By Irina Slav
Carbon pricing sounds like the simplest solution to the world’s emissions problem: if you want to emit, you have to pay for it. Europe has pioneered carbon pricing efforts with its emissions trading system, but now these efforts are turning out to be insufficient. At the same time, there is a push in the U.S. to utilize carbon pricing as a means of dealing with climate change. But will it work?
There are two ways in which carbon pricing policies can be implemented: one is the direct charging of emitters for the carbon dioxide they release, and the other is the so-called cap-and-trade way, which Europe has adopted in its Emissions Trading System (ETS). Basically, the cap-and-trade approach allows emitters a small amount of free emissions, and if they pollute more, they need to either pay for additional allowances or offset the emissions by investing in clean energy.
In the United States, California is the poster child of climate change efforts and carbon pricing is part of its arsenal. The state also adopted a cap-and-trade mechanism in 2013 and has seen its emissions decline, as has Europe. However, in the context of the latest commitments on emission reductions, neither decline seems to have been enough.
According to an analysis in Boston Review, carbon pricing as we use it now is simply not the best political solution to the emissions problem. Citing California’s experience, the authors point out how thanks to the excess supply of pollution permits, the price of emissions has been lower than it should be in order to not just bring revenues into the state coffers but change the behaviors of companies, so they pollute less.
The authors attribute the inefficiency of California’s—and other places’—carbon pricing mechanism to fossil fuel companies’ interference, blaming them for turning the public against such measures while officially supporting them as a solution to the emissions problem.
Fossil fuel companies are indeed backing carbon pricing as a solution. Whether their motivations are as sinister as the authors of the Boston Review article suggest, or whether they welcome the straightforwardness of carbon pricing as a principle is not particularly relevant. What is relevant, according to that analysis, is changing the mentality of people so that they accept higher prices for a range of goods and services.
This is the ultimate drawback of carbon pricing: the companies that fall within its scope have to pay for allowances. They often pass on these additional costs to their customers. It was a proposed price hike for carbon that prompted the yellow vest protests in France, and these protests are one of the best illustrations of why the public is not a fan of such measures.
Yet if done right—with high enough carbon prices—this policy could offset other costs related to climate change, argue the authors of the Boston Review article. All we need is to make the people who will pay for these high carbon prices that their children will live in a cleaner world. Others—a team of researchers from Stanford—argue now is the best time to make carbon pricing work.
“When we think about long-term problems like the pandemic or climate change, it’s easy to assume that the solutions could conflict since they all require massive resources,” says the lead author of the study, Kian Mintz-Woo. “But what we describe in this article is how the context of the coronavirus crisis actually provides a unique opportunity for mutually reinforcing forward-thinking solutions to improve sustainability and wellbeing as countries recover.”
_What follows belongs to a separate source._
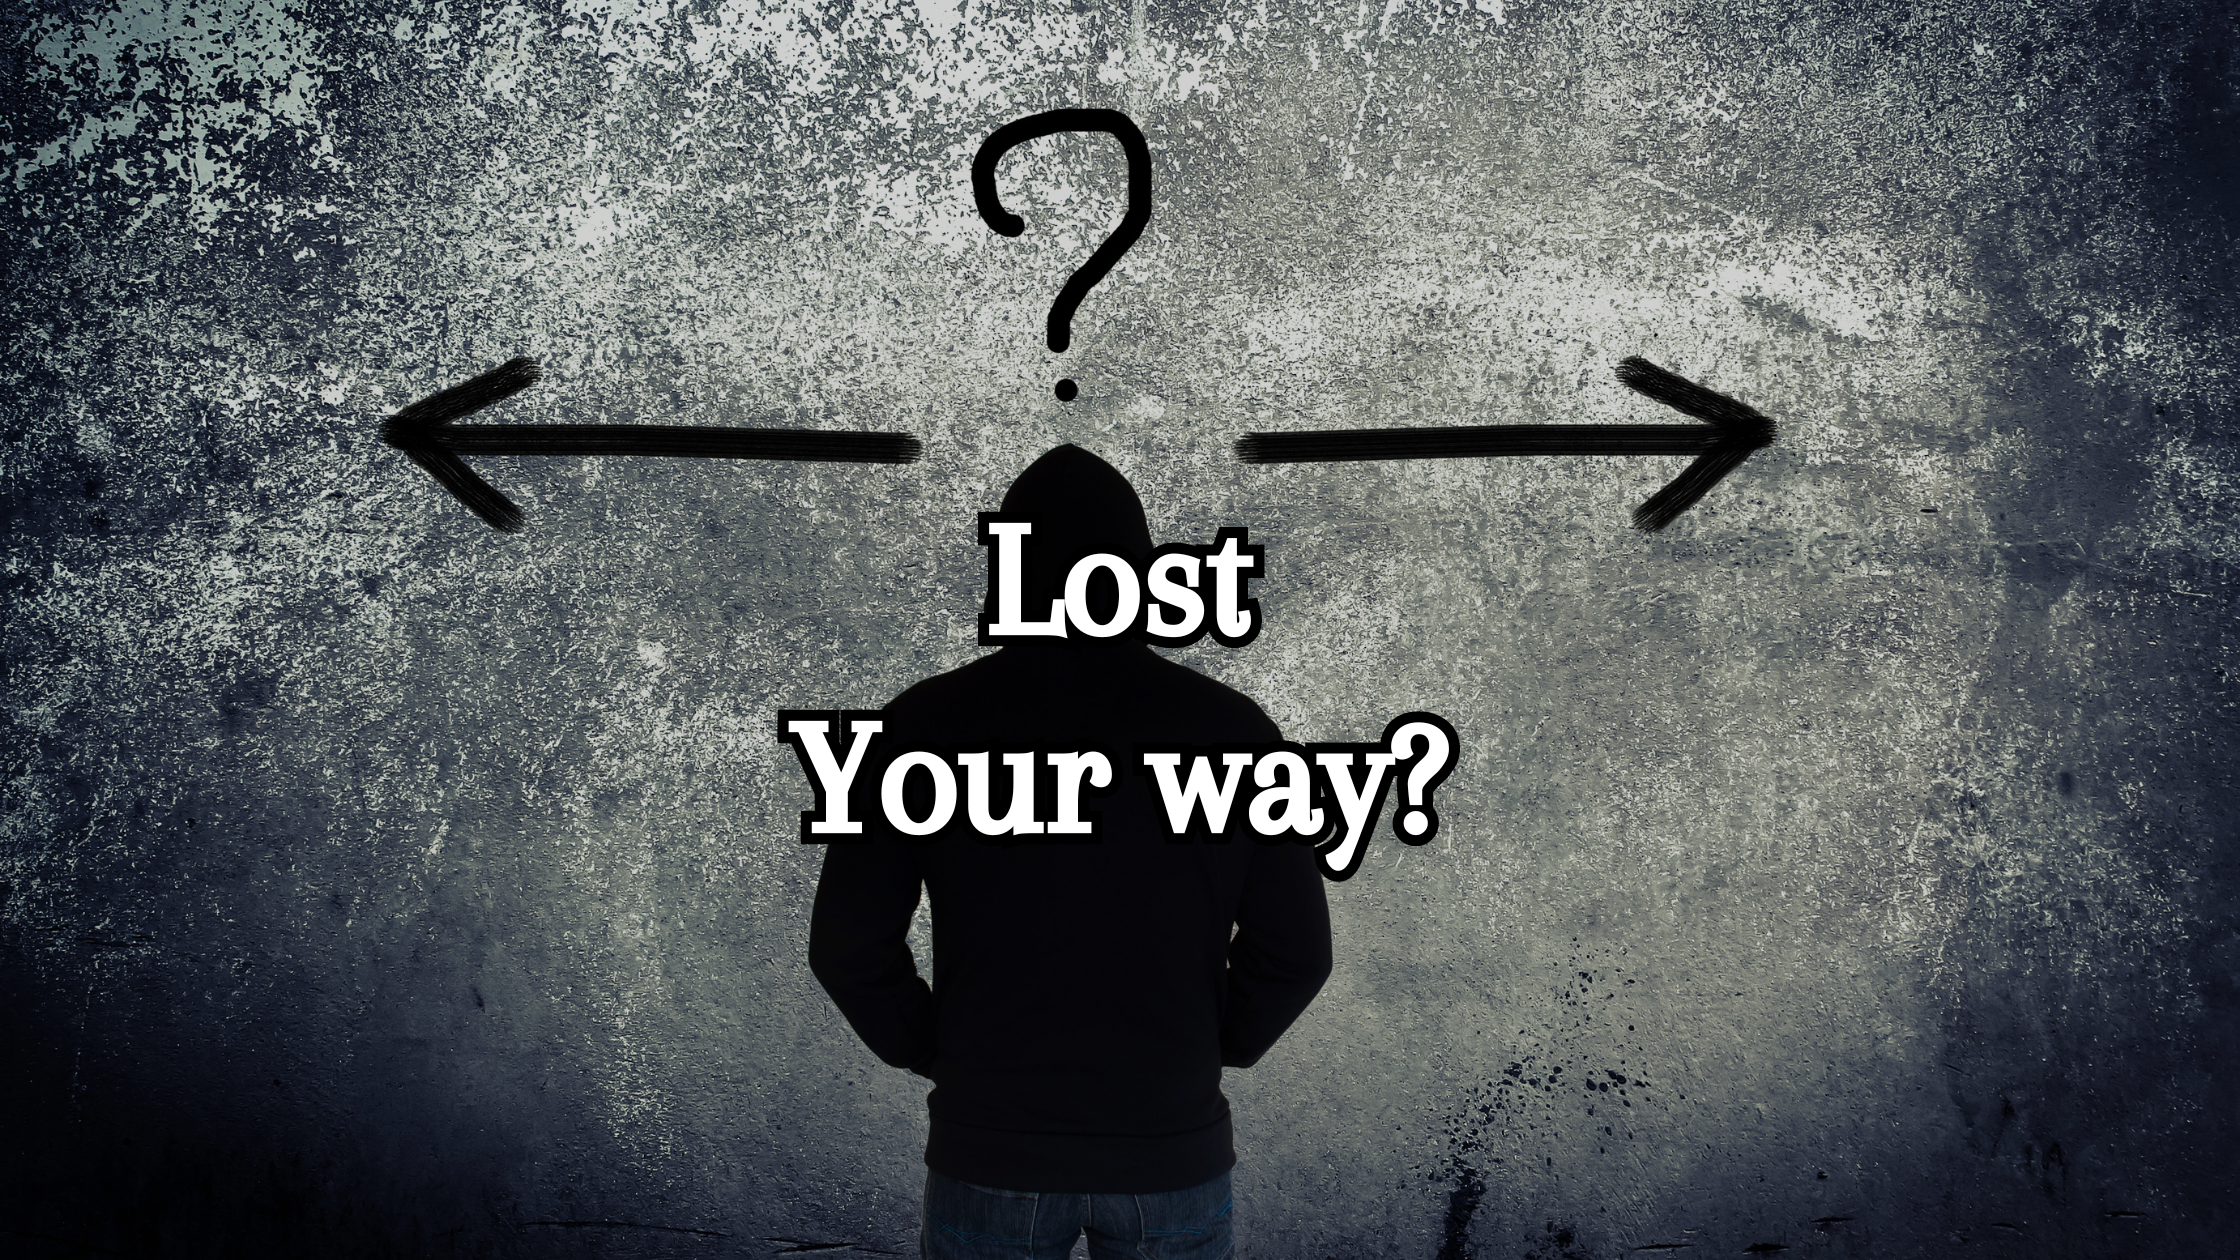 Lost your way?

The argument: economies are already disrupted by the pandemic. One more disruption in the form of carbon pricing could pass more painlessly than it would in pre-pandemic times. What’s more, the current challenging environment could motivate the right kind of reactions to carbon pricing from the business world: focusing on sustainability rather than paying for carbon allowances.
Europe is already ramping up its carbon-pricing efforts, despite the pandemic that led to the biggest postwar slump on the continent. Bloomberg recently reported that the EU is planning a major overhaul of its Emissions Trading System that will result in not just higher prices for pollution but also extend its scope to include the shipping industry.
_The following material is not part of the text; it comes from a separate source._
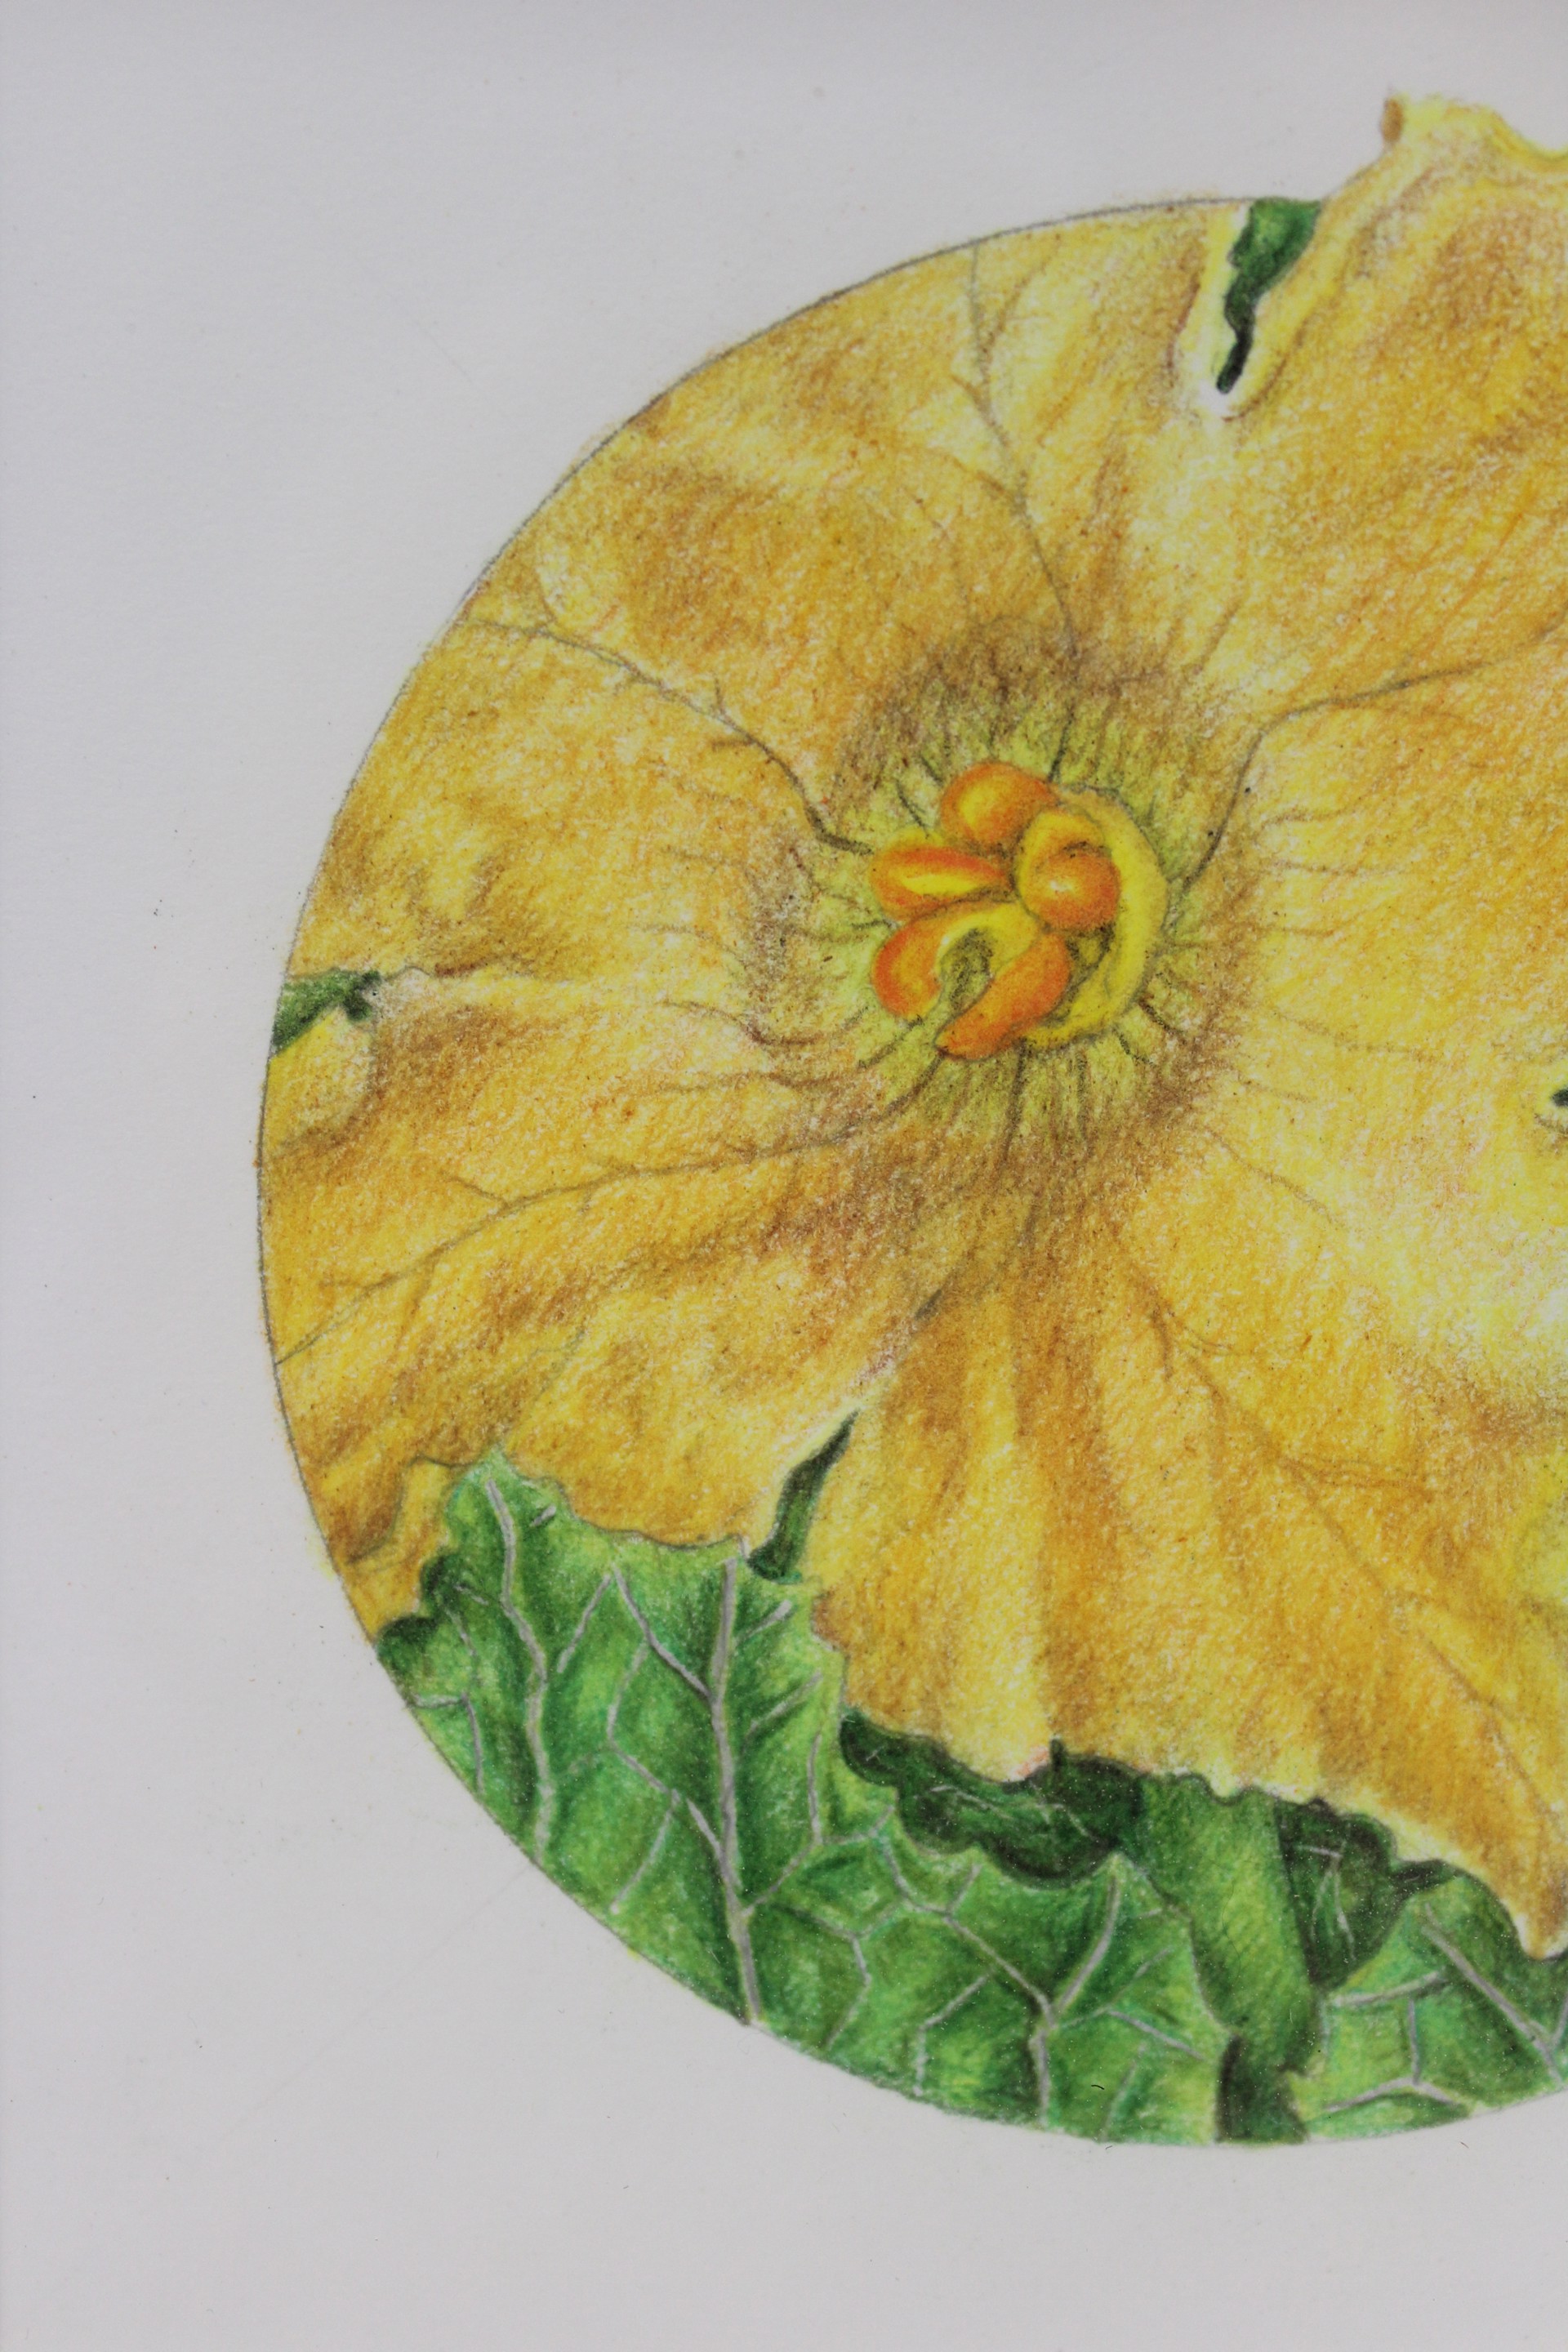 Squash Flower by Mary Lee Eggart

On the face of it, this would lead to higher prices for a lot of things at a time when millions of people are either furloughed or out of a job permanently because of the pandemic. This does not really make sound sense. But, say the authors of the Princeton study, it’s not high prices that have led to the slump in consumer spending during the pandemic. It was the shrinking economic activity in general that led to this.
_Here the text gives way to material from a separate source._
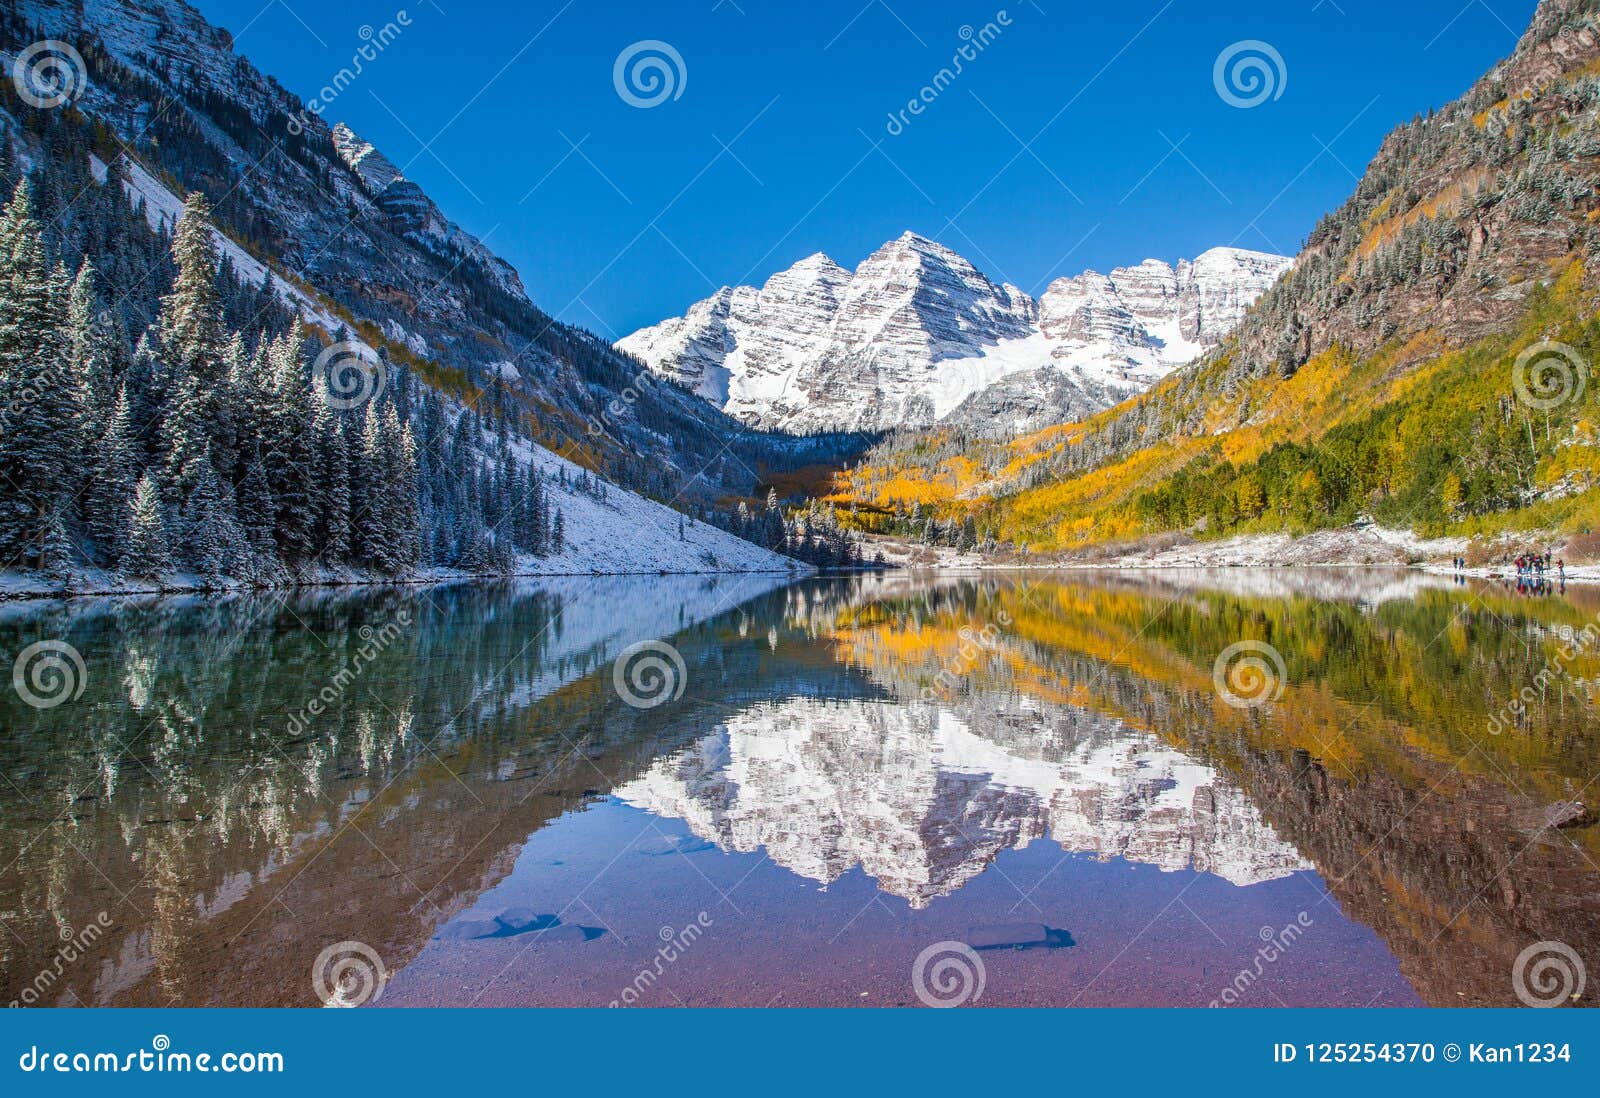 maroon bells in fall foliage after snow storm in aspen, colorado

The researchers may have a point, but the memory of the yellow vest movement may prove to be a bit too fresh in people’s memories. Still, the EU’s climate-related policies offer insight into what works and what doesn’t really, so other countries can pick and choose the measures that work best for them.
Carbon pricing is a case in point. Higher prices, necessary as they may be in order to force companies to change their behavior, could still meet with some public opposition, even in green Europe. This, in turn, would provide valuable insight for U.S. regulators and carbon pricing proponents on what (not) to do.